I also think that current AI models pose misuse risks, which may continue to get worse as models get more capable, and that this could potentially result in catastrophic suffering if we fail to regulate this.

I now work for SecureBio on AI-Evals.

relevant quote:

“There is a powerful effect to making a goal into someone’s full-time job: it becomes their identity. Safety engineering became its own subdiscipline, and these engineers saw it as their professional duty to reduce injury rates. They bristled at the suggestion that accidents were largely unavoidable, coming to suspect the opposite: that almost all accidents were avoidable, given the right tools, environment, and training.” https://www.lesswrong.com/posts/DQKgYhEYP86PLW7tZ/how-factories-were-made-safe

Nathan Helm-Burger 9 May 2024 5:09 UTC
2 points
0
in reply to: Petr Andreev’s comment on: Please stop publishing ideas/insights/research about AI
A bit of a rant, yes, but some good thoughts here.
I agree that unenforceable regulation can be a bad thing. On the other hand, it can also work in some limited ways. For example, the international agreements against heritable human genetic engineering seem to have held up fairly well. But I think that that requires supporting facts about the world to be true. It needs to not be obviously highly profitable to defectors, it needs to be relatively inaccessible to most people (requiring specialized tech and knowledge), it needs to fit with our collective intuitions (bio-engineering humans seems kinda icky to a lot of people).
The trouble is, all of these things fail to help us with the problem of dangerous AI! As you point out, many bitcoin miners have plenty of GPUs to be dangerous if we get even a couple more orders-of-magnitude algorithmic efficiency improvements. So it’s accessible. AI and AGI offer many tempting ways to acquire power and money in society. So it’s immediately and incrementally profitable. People aren’t as widely instinctively outraged by AI experiments as Bio-engineering experiments. So it’s not intuitively repulsive.
So yes, this seems to me to be very much a situation in which we should not place any trust in unenforceable regulation.
I also agree that we probably do need some sort of organization which enforces the necessary protections (detection and destruction) against rogue AI.
And it does seem potentially like a lot of human satisfaction could be bought in the near future with a focus on making sure everyone in the world gets a reasonable minimum amount of satisfaction from their physical and social environments as you describe here:
Usually, the median person is interested in: jobs, a full fridge, rituals, culture, the spread of their opinion leader’s information, dopamine, political and other random and inherited values, life, continuation of life, and the like. Provide a universal way of obtaining this and just monitor it calmly.
As Connor Leahy has said, we should be able to build sufficiently powerful tool-AI to not need to build AGI! Stop while we still have control! Use the wealth to buy off those who would try anyway. Also, build an enforcement agency to stop runaway AI or AI misuse.
I don’t know how we get there from here though.
Also, the offense-dominant weapons development landscape is looking really grim, and I don’t see how to easily patch that.
On the other hand, I don’t think we buy ourselves any chance of victory by trying to gag ourselves for fear of speeding up AGI development. It’s coming soon regardless of what we do! The race is short now, we need to act fast!
I don’t buy the arguments that our discussions here will make a significant impact in the timing of the arrival of AGI. That seems like hubris to me, to imagine we have such substantial effects, just from our discussions.
Code? Yes, code can be dangerous and shouldn’t be published if so.
Sufficiently detailed technical descriptions of potential advancements? Yeah, I can see that being dangerous.
Unsubstantiated commentary about a published paper being interesting and potentially having both capabilities and alignment value? I am unconvinced that such discussions meaningfully impact the experiments being undertaken in AI labs.

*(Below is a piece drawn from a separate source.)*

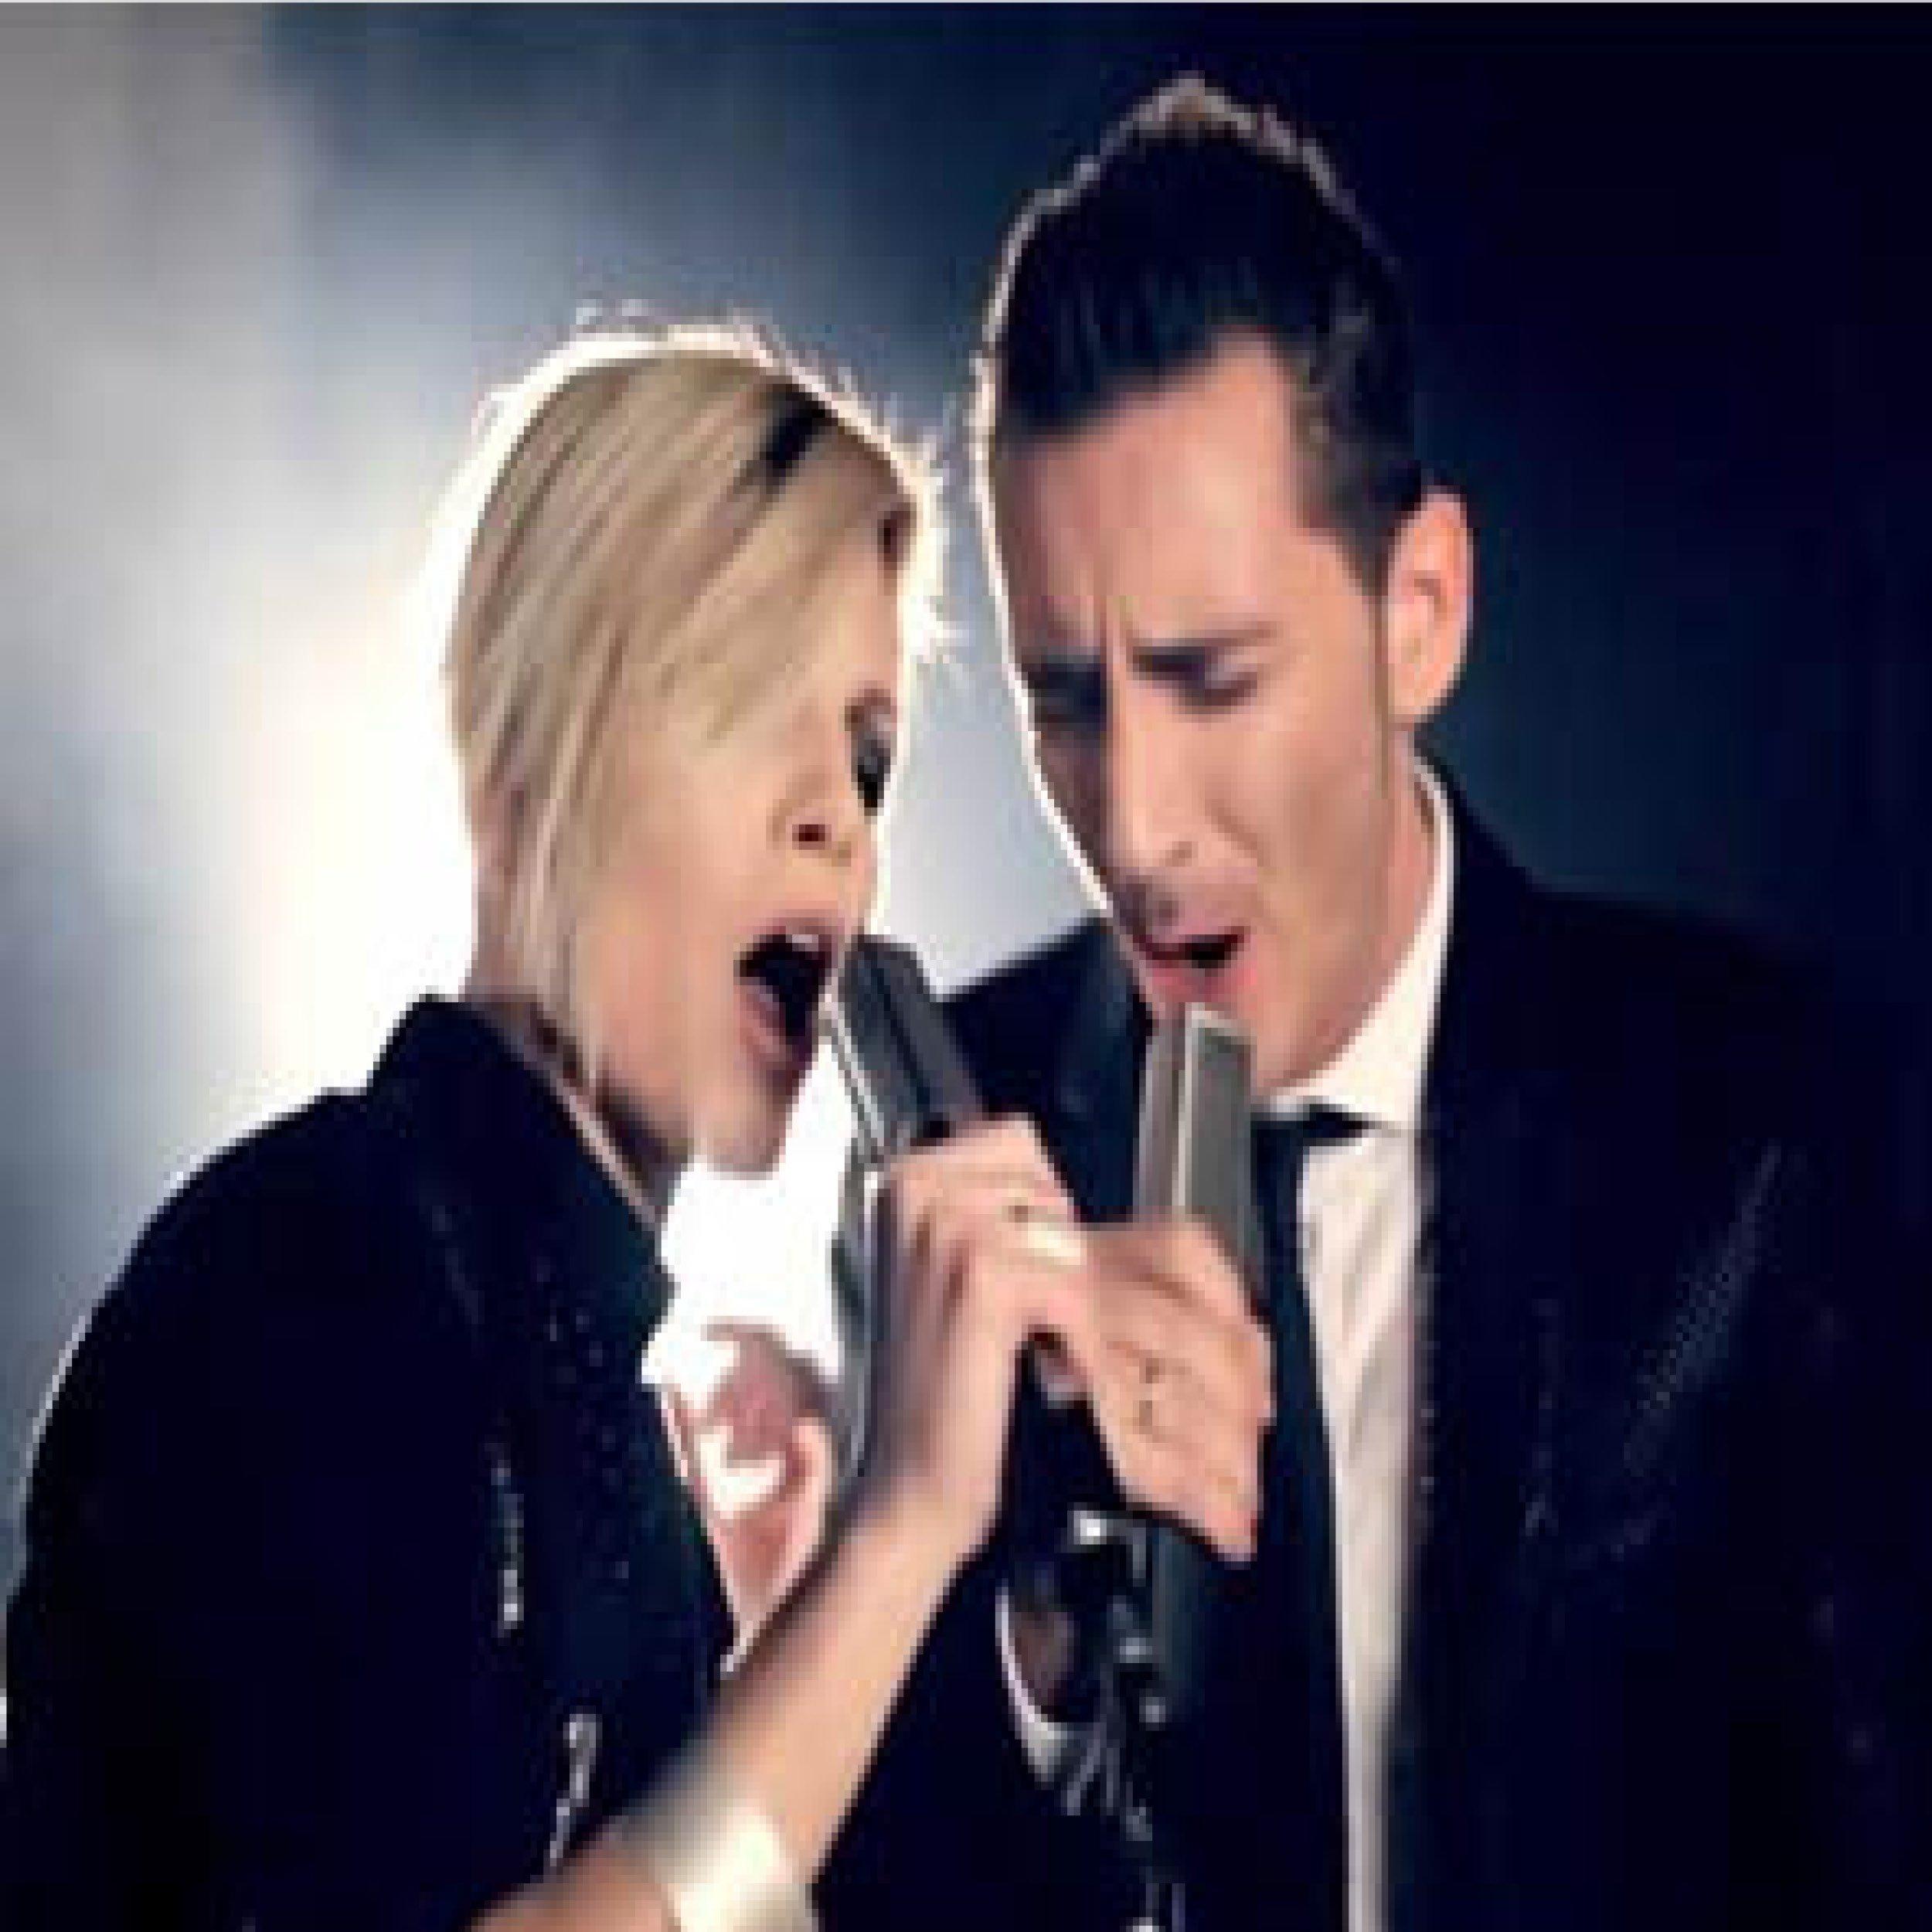 Italian Songs: Arriverà (Modà feat. Emma)

Nathan Helm-Burger 9 May 2024 4:32 UTC
2 points
−2
in reply to: mako yass’s comment on: Please stop publishing ideas/insights/research about AI
Hmm. Seems… fragile. I don’t think that’s a reason not to do it, but I also wouldn’t put much hope in the idea that leaks would be successfully prevented by this system.

Nathan Helm-Burger 9 May 2024 4:26 UTC
2 points
0
in reply to: O O’s comment on: Please stop publishing ideas/insights/research about AI
I think you make some valid points. In particular, I agree that some people seem to have fallen into a trap of being unrealistically pessimistic about AI outcomes which mirrors the errors of those AI developers and cheerleaders who are being unrealistically optimistic.
On the other hand, I disagree with this critique (although I can see where you’re coming from):
If it’s instead a boring engineering problem, this stops being a quest to save the world or an all consuming issue. Incremental alignment work might solve it, so in order to preserve the difficulty of the issue, it will cause extinction for some far-fetched reason. Building precursor models then bootstrapping alignment might solve it, so this “foom” is invented and held on to (for a lot of highly speculative assumptions), because that would stop it from being a boring engineering problem that requires lots of effort and instead something a lone genius will have to solve.
I think that FOOM is a real risk, and I have a lot of evidence grounding my calculations about available algorithmic efficiency improvements based on estimates of the compute of the human brain. The conclusion I draw from believing that FOOM is both possible, and indeed likely, after a certain threshold of AI R&D capability is reached by AI models is that preventing/controlling FOOM is an engineering problem.
I don’t think we should expect a model in training to become super-human so fast that it blows past our ability to evaluate it. I do think that in order to have the best chance of catching and controlling a rapid accelerating take-off, we need to do pre-emptive engineering work. We need very comprehensive evals to have detailed measures of key factors like general capability, reasoning, deception, self-preservation, and agency. We need carefully designed high-security training facilities with air-gapped datacenters. We need regulation that prevents irresponsible actors from undertaking unsafe experiments. Indeed, most of the critical work to preventing uncontrolled rogue AGI due to FOOM is well described by ‘boring engineering problems’ or ‘boring regulation and enforcement problems’.
Believing in the dangers of recursive self-improvement doesn’t necessarily involve believing that the best solution is a genius theoretical answer to value and intent alignment. I wouldn’t rule the chance of that out, but I certainly don’t expect that slim possibility. It seems foolish to trust in that the primary hope for humanity. Instead, let’s focus on doing the necessary engineering and political work so that we can proceed with reasonable safety measures in place!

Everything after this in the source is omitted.